The past 12 months may be a year that will live in infamy for fans of the metaverse. Meta itself, the artist formerly known as Facebook, spent $10 billion on building its grand vision of a digital world and allocated $150 million to immersive learning projects, including funds for universities to create digital versions of their campuses that students can access—wearing Meta VR headsets, of course.
But taking money from Meta to build campus-specific metaverses is just the latest in higher education’s grand tradition of letting others profit off its inventions. The internet itself was developed on college campuses, and Facebook famously began as a platform for Harvard university students to plug in personal details before becoming a behemoth that dominates the country’s political discourse. Built from internet technology and Facebook money, the developing metaverse wouldn’t be possible without higher education, but colleges are hardly acting that way.
Built from internet technology and Facebook money, the developing metaverse wouldn’t be possible without higher education, but colleges are hardly acting that way.
Universities have a long history of innovating and then giving away the value they create. That may not be an existential crisis when it comes to some products—like how the University of Florida gave the world Gatorade—but for higher education to outsource the development of metaverse-based education to Meta and other VR companies means nothing less than handing the tech industry another 20 years of dominance over the sector’s information flow and value. It’s not just bad business for higher ed, but it also runs counter to colleges’ commitment to free and open discourse. And more to the point, it would replicate a mistake whose consequences are still leaving scars across the landscape of higher education.
Over the past decade, online program managers like 2U and Wiley gained the vast majority of economic value created by online education (most, if not all, of which was originally developed by universities). In the wake of the pandemic, demand for online programs has only continued to accelerate, and the OPM industry has been at the center of it all—resulting in a huge windfall, followed by widespread criticism and ongoing scrutiny.

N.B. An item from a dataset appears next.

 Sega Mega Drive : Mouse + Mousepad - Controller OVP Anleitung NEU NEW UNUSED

Now, instead of an online learning landscape characterized by accessibility, quality and convenience for learners, universities are under criticism for price gouging and relentless marketing carried out by their business partners.
The metaverse is clearly the next big innovation in education—and right now, colleges and universities are barreling down the same path they did for OPMs. While the dystopian possibilities of a metaverse dominated by corporate greed is clear to anyone who’s seen “Ready Player One,” there is not a single university-driven open metaverse—that is, one that is not dependent on a single company or government—in development in the U.S. The furthest along internationally is likely the Open Metaverse Project from the University of Nicosia in Cyprus.

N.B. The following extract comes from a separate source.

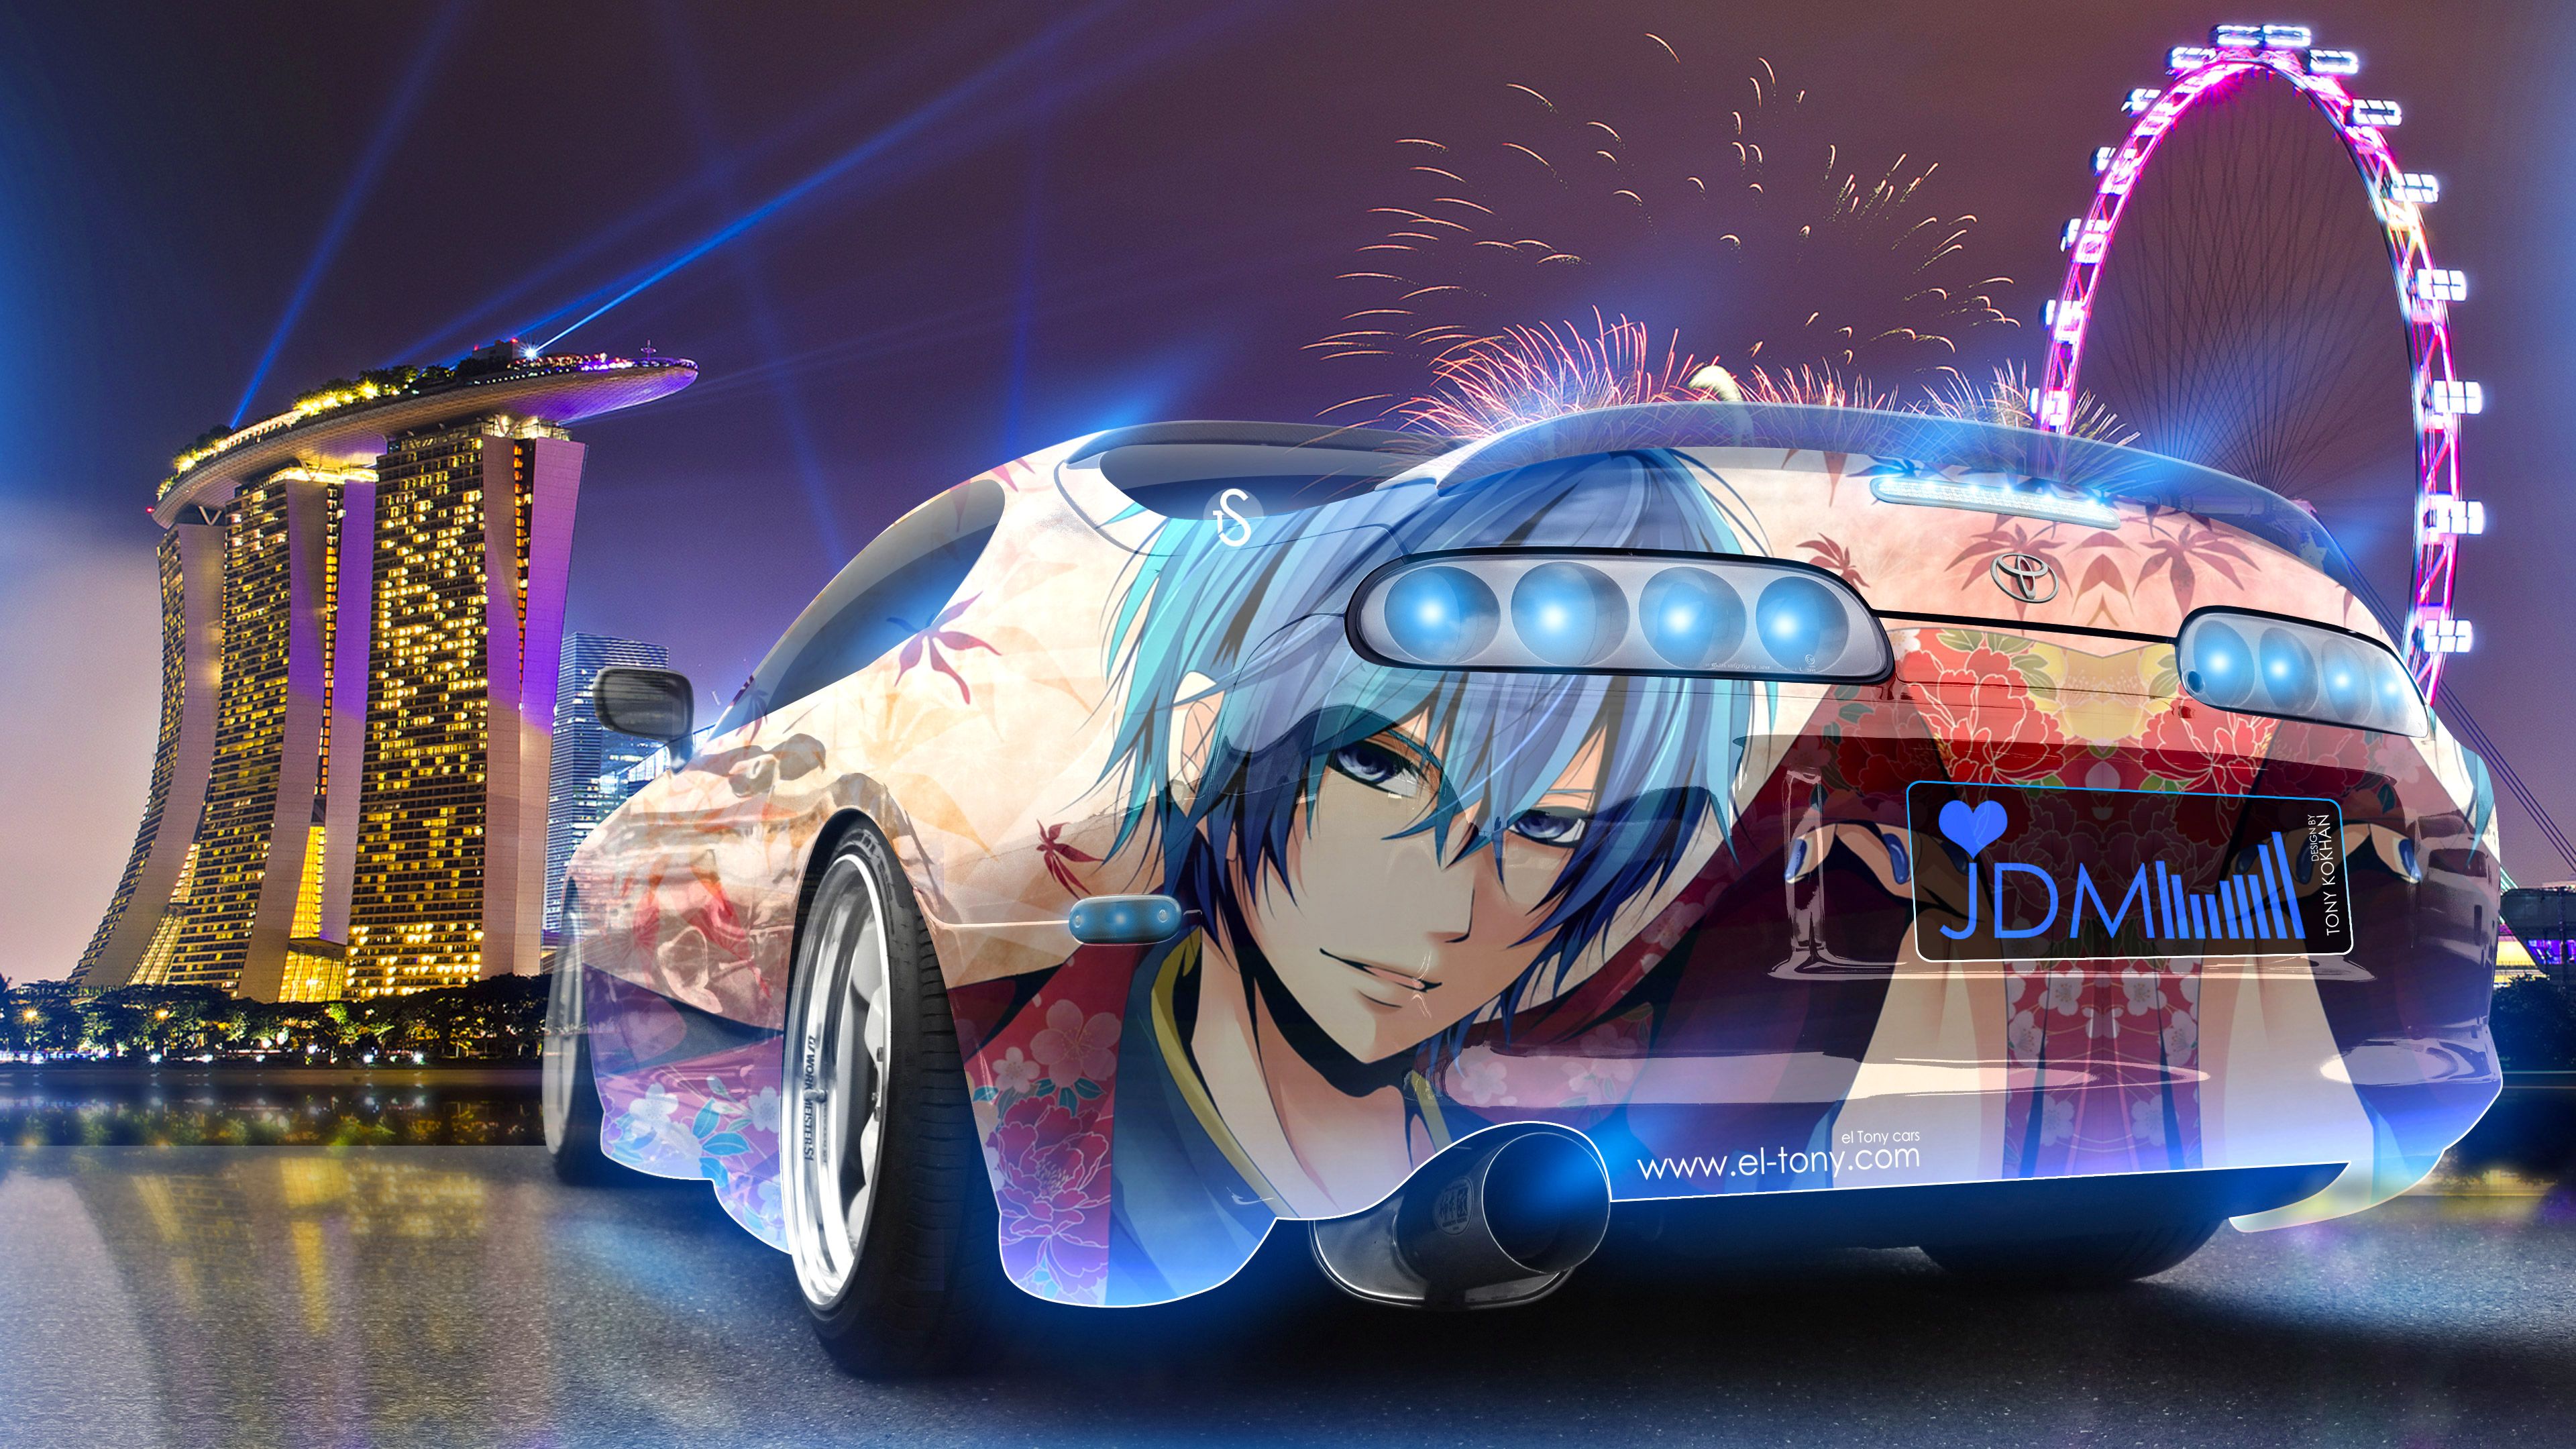 Toyota Supra JDM Tuning Anime Boy Aerography City Car 2015 el Tony

What might an “open metaverse” (sometimes referred to as Web3) be like? Open systems are based on blockchain technology that allows anyone to access or create their own user name and identity and manage it without intermediation by a company. In a closed metaverse, like what Meta is proposing, Meta would control your accounts and what you see (similar to how Facebook operates today).
While we should applaud institutions’ willingness to explore possibilities of the metaverse with Meta, we must also seize this moment to ensure that they don’t lose control of their future, just as they did online program management. So what can university leaders and policymakers do to avoid repeating past mistakes?
First, the U.S. Department of Education should only approve Title IV funding for programs that operate in the open metaverse. If Meta or any other company wants to help higher education institutions operate in the metaverse, they must agree to keep their servers decentralized without the type of social and digital engineering that occurs in the closed ecosystem.
Second, universities should only allow open-source hardware to operate on their networks. Today, the vast majority of all metaverse-related hardware (think VR goggles and haptic suits) is controlled by just a few companies. Higher education has an opportunity to set clearer standards for transparency and openness as the metaverse begins to take shape, to ensure that no one company can monopolize students’ vast troves of data.
Finally, the largest universities, and those with the capacity and technological expertise, should lead the way—and open-source their software and learning tools to the broader higher education community. Would it be possible to create the edX for the metaverse—but instead of a closely held entity run by Harvard and MIT (which was eventually sold to publicly traded 2U), put an innovative nonprofit institution at the forefront of a new, open-source platform?
Today, the idea of the metaverse in higher education might seem like a far-off product of a science fiction writer’s imagination. But it’ll be here before we know it, and the window of opportunity to build a more open metaverse is quickly closing. If we don’t want a repeat of the OPM saga, or a dystopian future where Mark Zuckerberg reaps the economic rewards of education in the post-online world, colleges and universities must step up to build the open metaverse—and there’s no time to waste.